**Requirement:** Below are the records; repeat exactly their lines between the line holding "MSP: 65441 GUESS" and the line holding "Комбинированная футболка city", inclusive, skipping the pictures.

**Provided information:**
****************************************

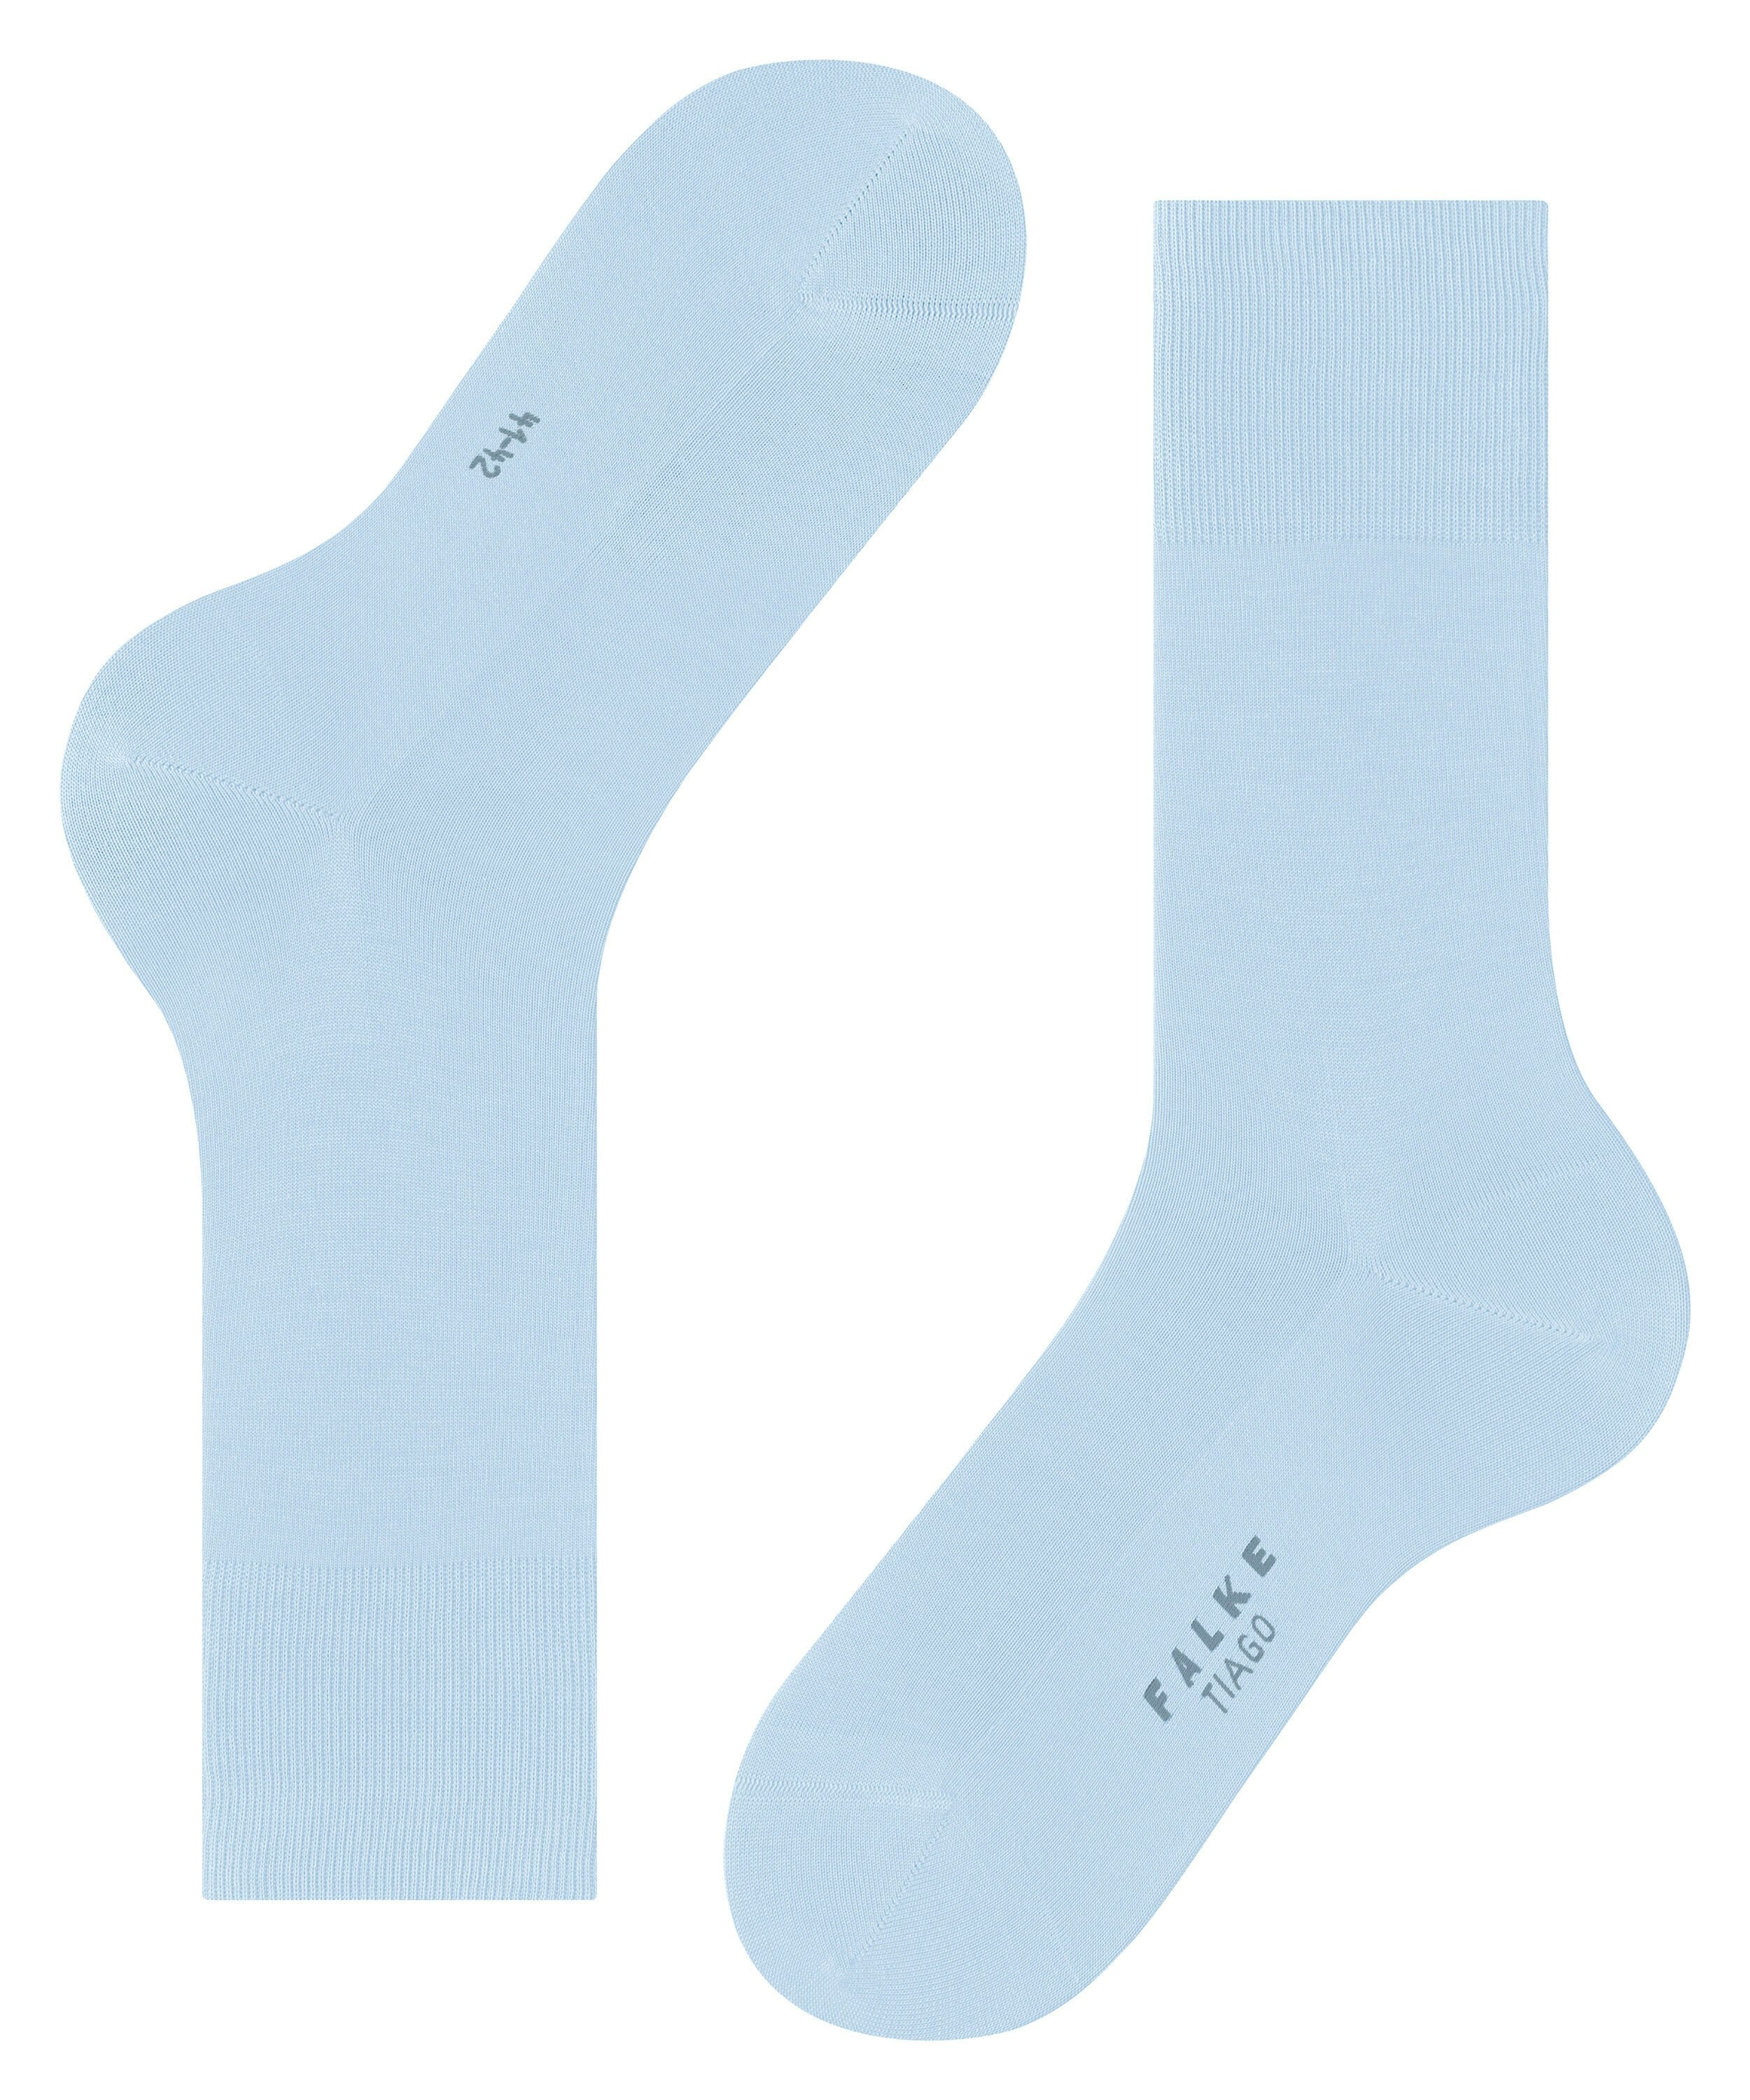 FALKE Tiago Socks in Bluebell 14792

****************************************

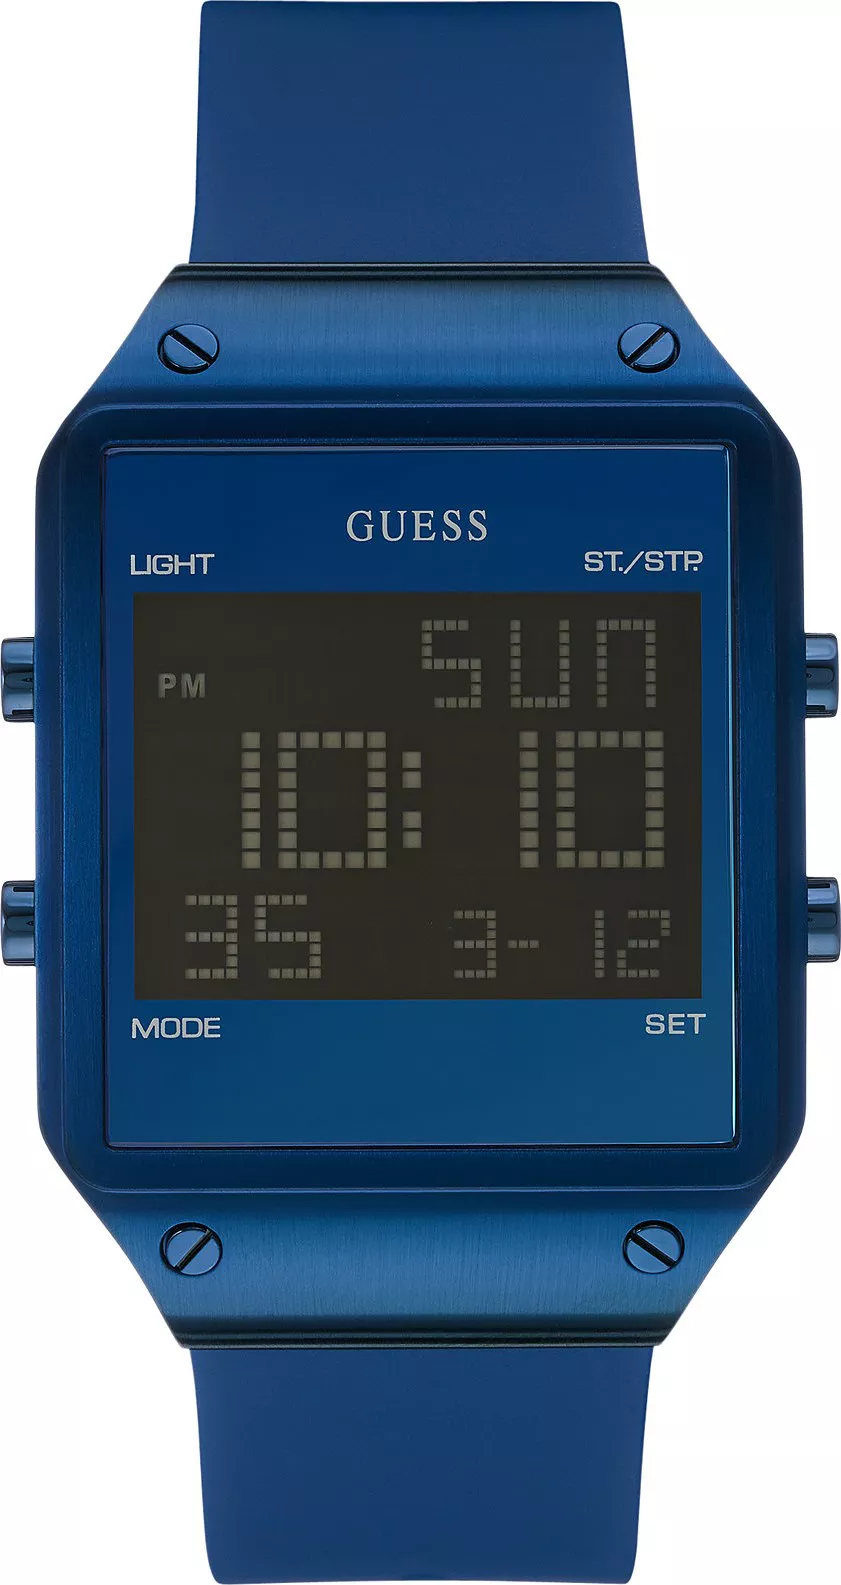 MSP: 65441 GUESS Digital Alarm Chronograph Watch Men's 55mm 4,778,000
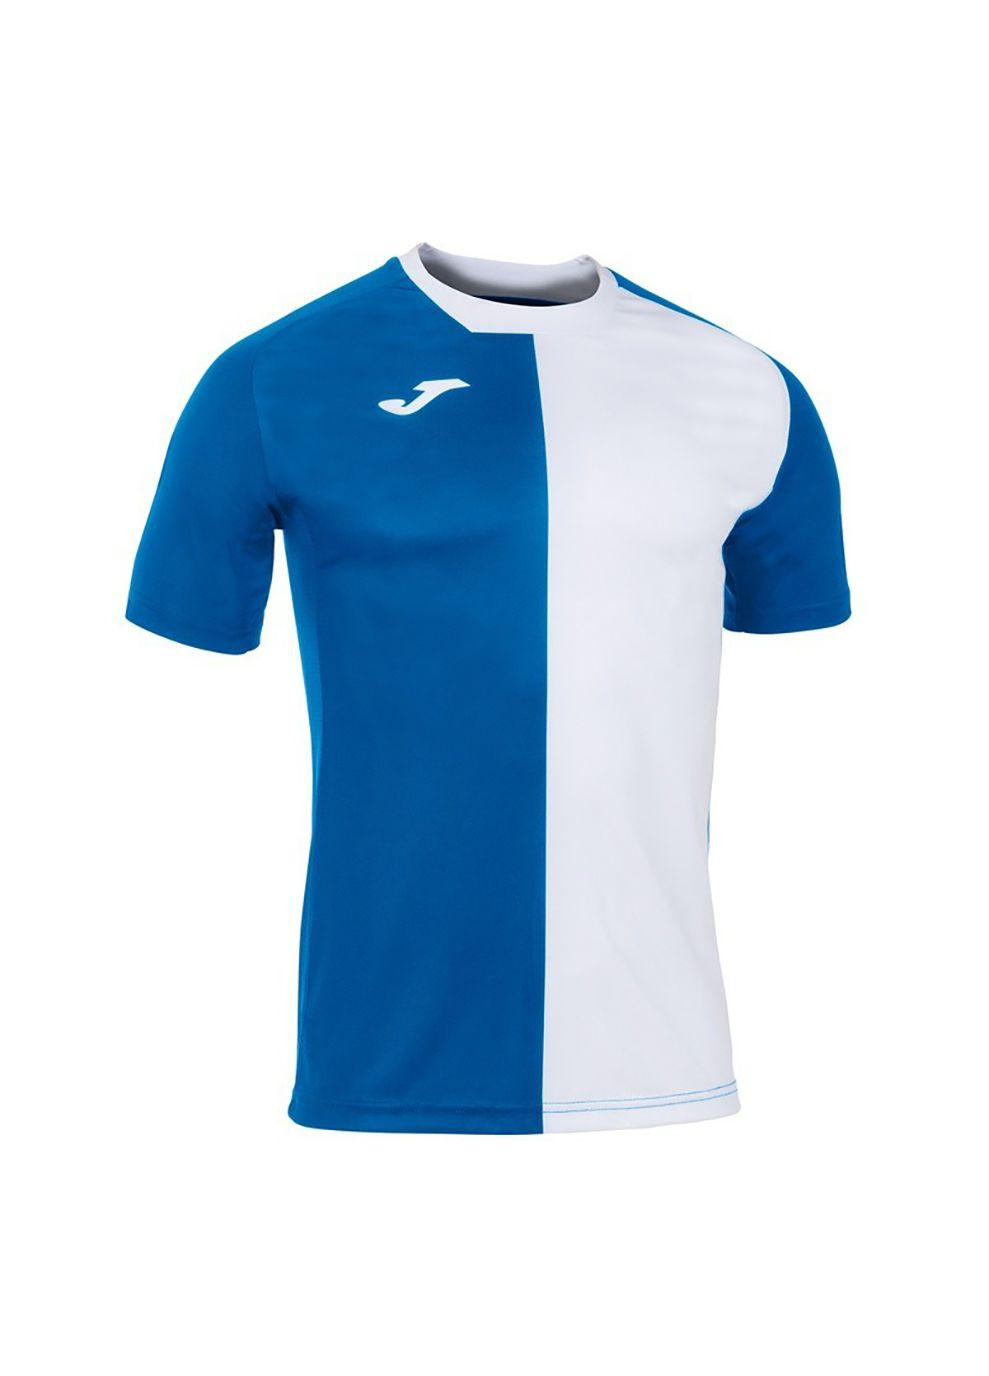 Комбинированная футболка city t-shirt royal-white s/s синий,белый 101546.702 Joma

****************************************

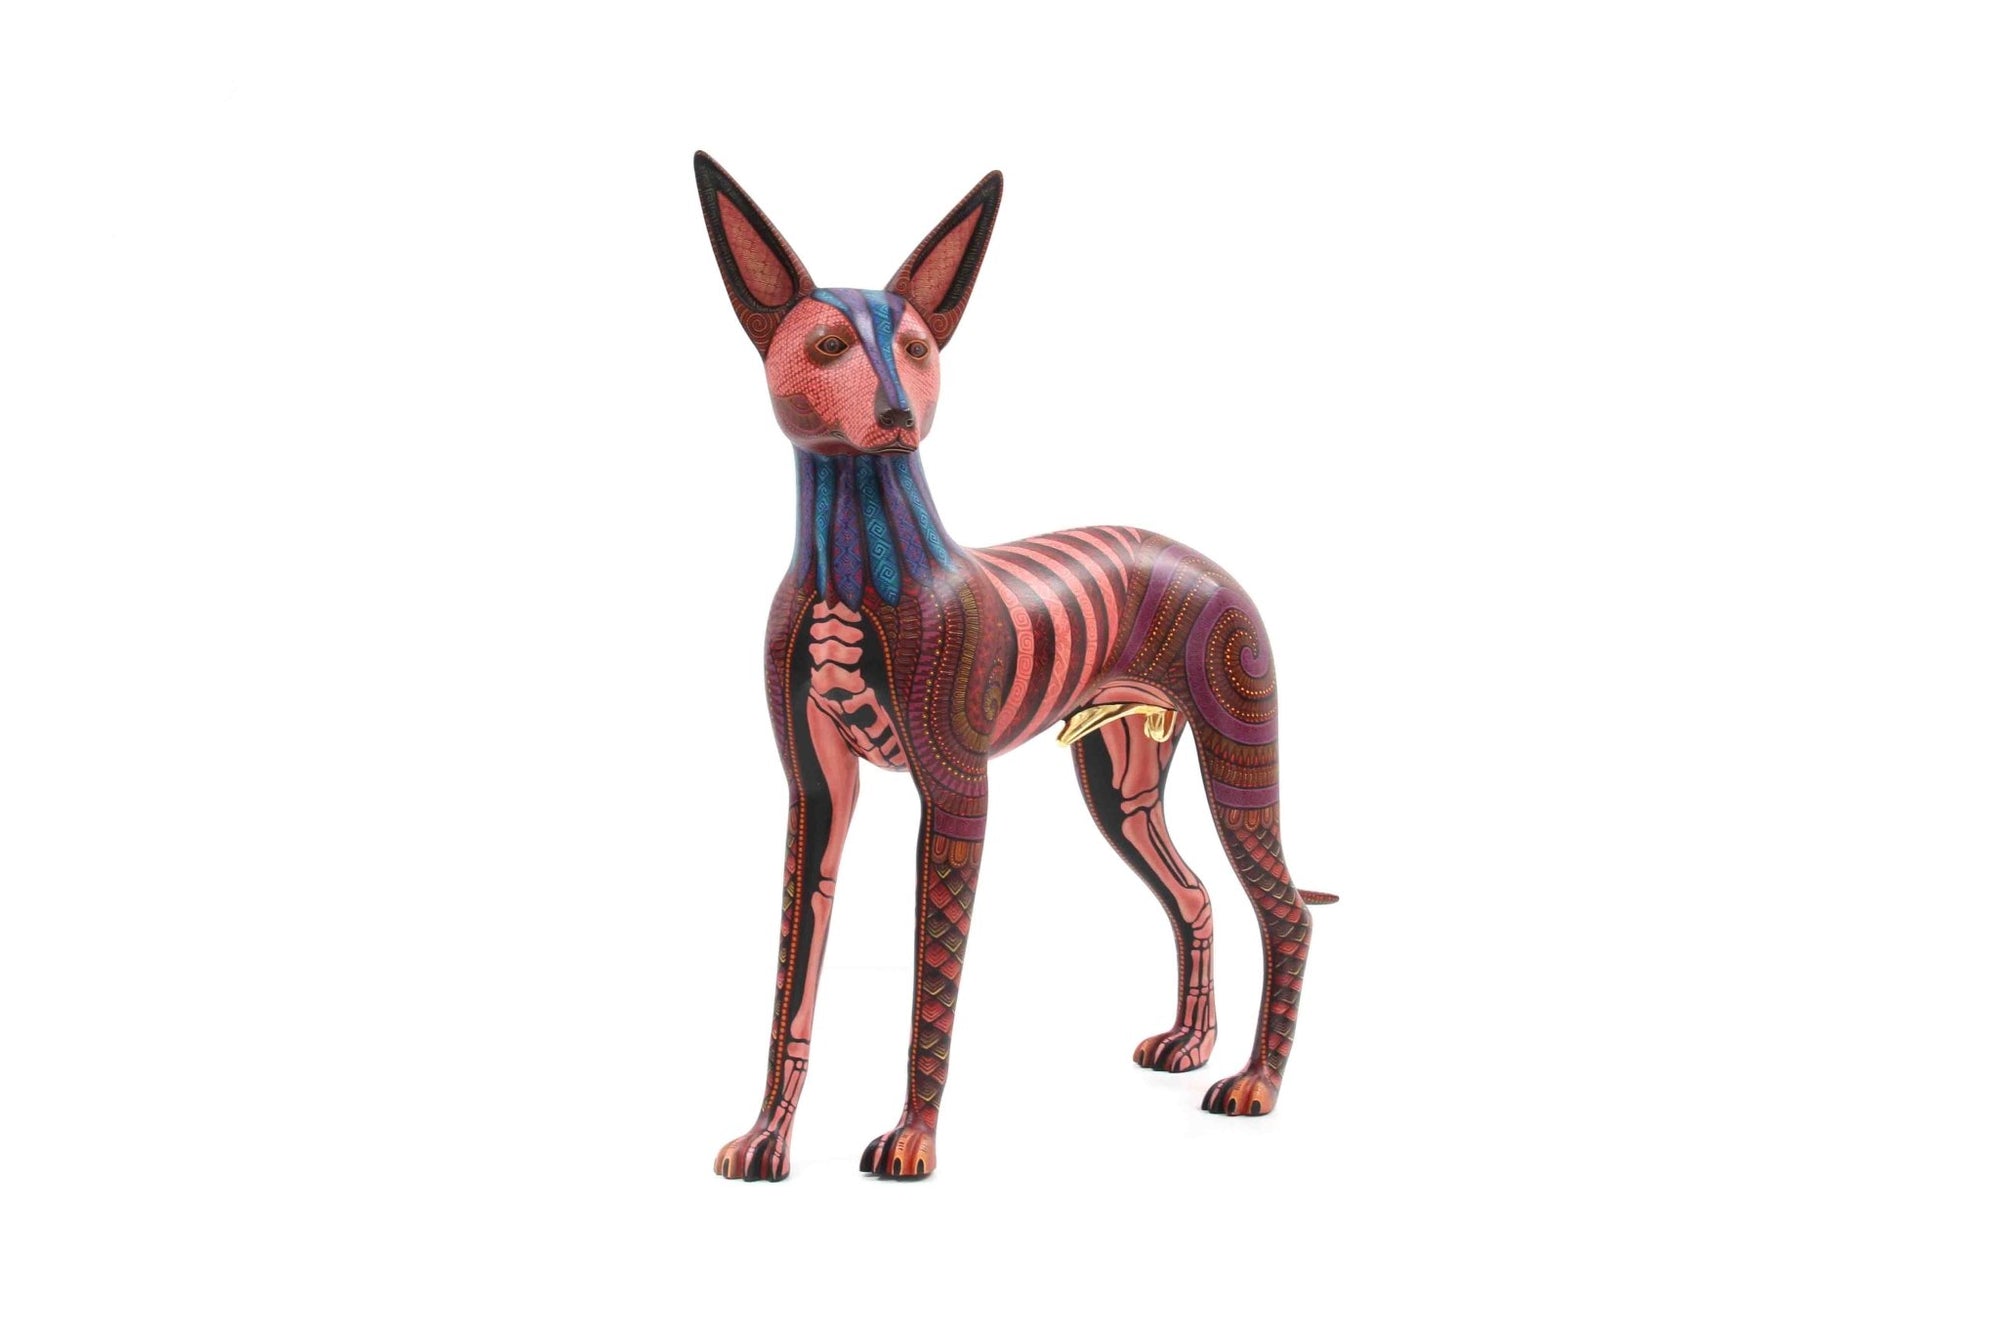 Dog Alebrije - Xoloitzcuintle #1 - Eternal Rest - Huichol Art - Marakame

****************************************

**Written solution:**
 MSP: 65441 GUESS Digital Alarm Chronograph Watch Men's 55mm 4,778,000
 Комбинированная футболка city t-shirt royal-white s/s синий,белый 101546.702 Joma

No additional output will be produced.